Second, we see no reason why these contracts (the commercial line
of credit, promissory notes, real estate mortgages, and personal
guarantees) at issue were not “made in the regular course of business”
within the meaning of Iowa Code section 524.221(2). We reject Benskin’s
argument that it can avoid the statutory limitations period simply by
omitting an allegation that the contracts or record entries were made in
the regular course of the bank’s business. And we reject Benskin’s
argument that it can avoid this time-bar by alleging the bank’s actions
were wrongful (that is, the bank “cooked the books”) and therefore outside
the scope of the statute. That argument goes to the merits of the
underlying claim rather than to the determination of the applicable
limitations period. To hold otherwise would eviscerate the statute.
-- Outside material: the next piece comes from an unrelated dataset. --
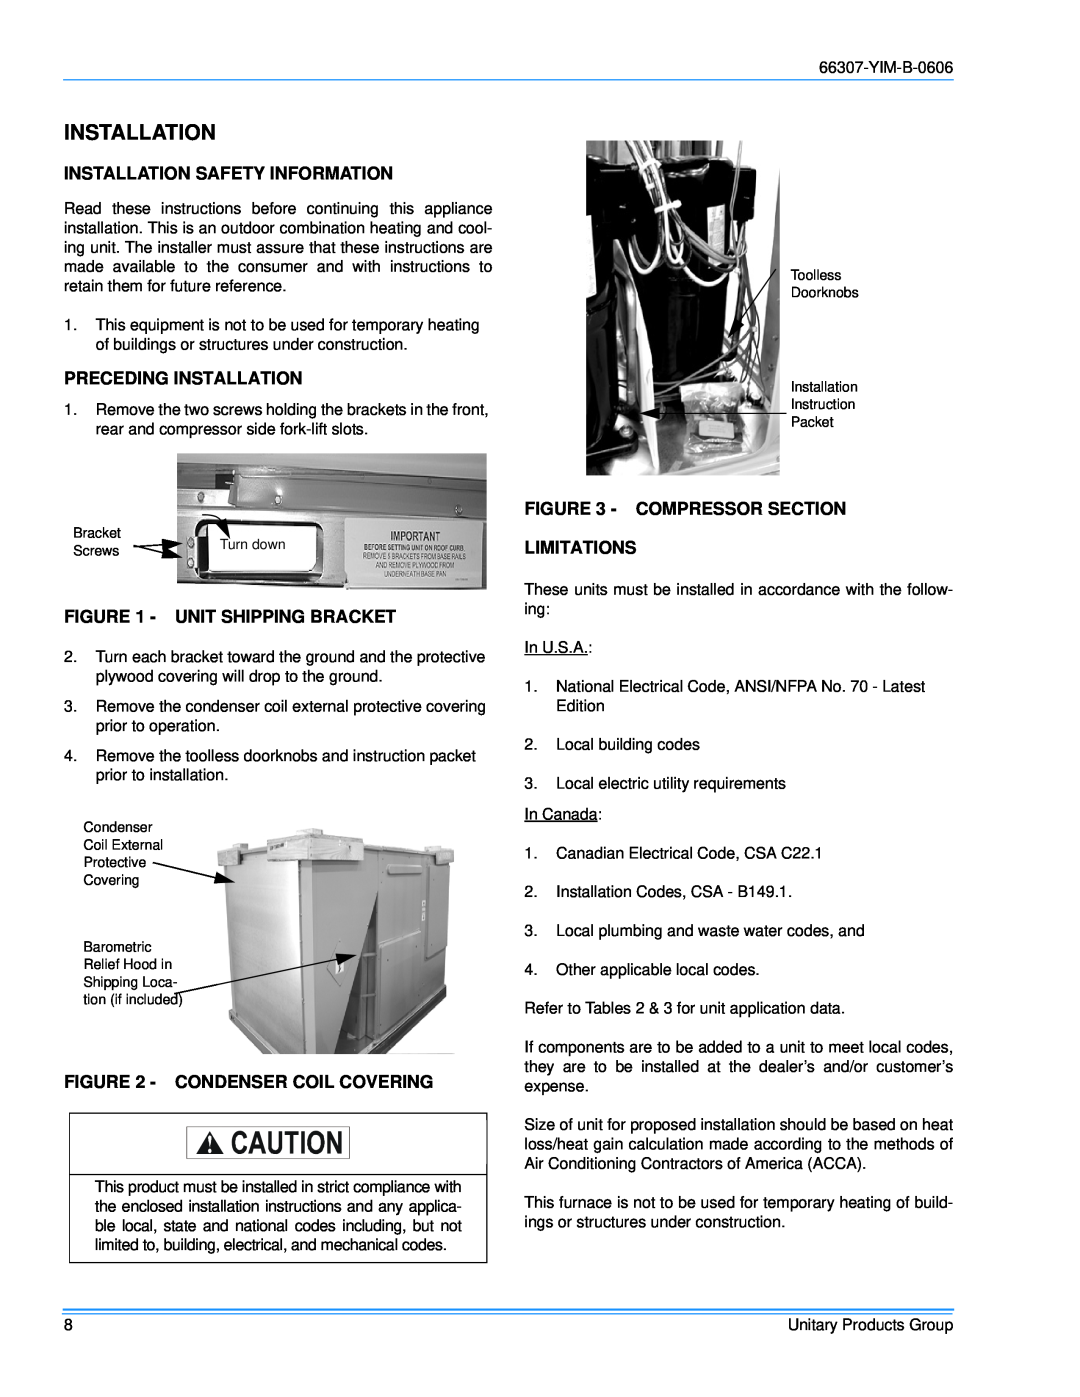 York BP 090 Installation Safety Information, Preceding Installation, Unit Shipping Bracket, Condenser Coil Covering

Finally, we hold that section 524.221(2) governs Benskin’s written
contract claims against West Bank, a state bank, rather than the general
statute of limitations for written contracts in section 614.1(5). Section
524.221(2), as the more specific statute, controls. See MidWestOne Bank
v. Heartland Co-op, 941 N.W.2d 876, 883 (Iowa 2020) (“To the extent ‘there
is a conflict or ambiguity between specific and general statutes, the
provisions of the specific statutes control.’ ” (quoting Oyens Feed & Supply,
Inc. v. Primebank, 808 N.W.2d 186, 194 (Iowa 2011))); see also Iowa Code
§ 4.7 (“If a general provision conflicts with a special or local provision, they
shall be construed, if possible, so that effect is given to both. If the conflict
between the provisions is irreconcilable, the special or local provision
prevails as an exception to the general provision.”). The legislature 10
amended Iowa Code section 524.221(2) to shorten its limitation period
from eleven years to seven years. See 2011 Iowa Acts ch. 87, § 2 (codified
at Iowa Code § 524.221(2) (Supp. 2011)). “The evident purpose” of that
amendment “is to hasten resolution of such claims” against state banks
founded on written contracts. See MidWestOne Bank, 941 N.W.2d at 883
(quoting Farmers Coop. Co. v. Swift Pork Co., 602 F. Supp. 2d 1095, 1110
(N.D. Iowa 2009)) (addressing Iowa Code section 614.1(10)).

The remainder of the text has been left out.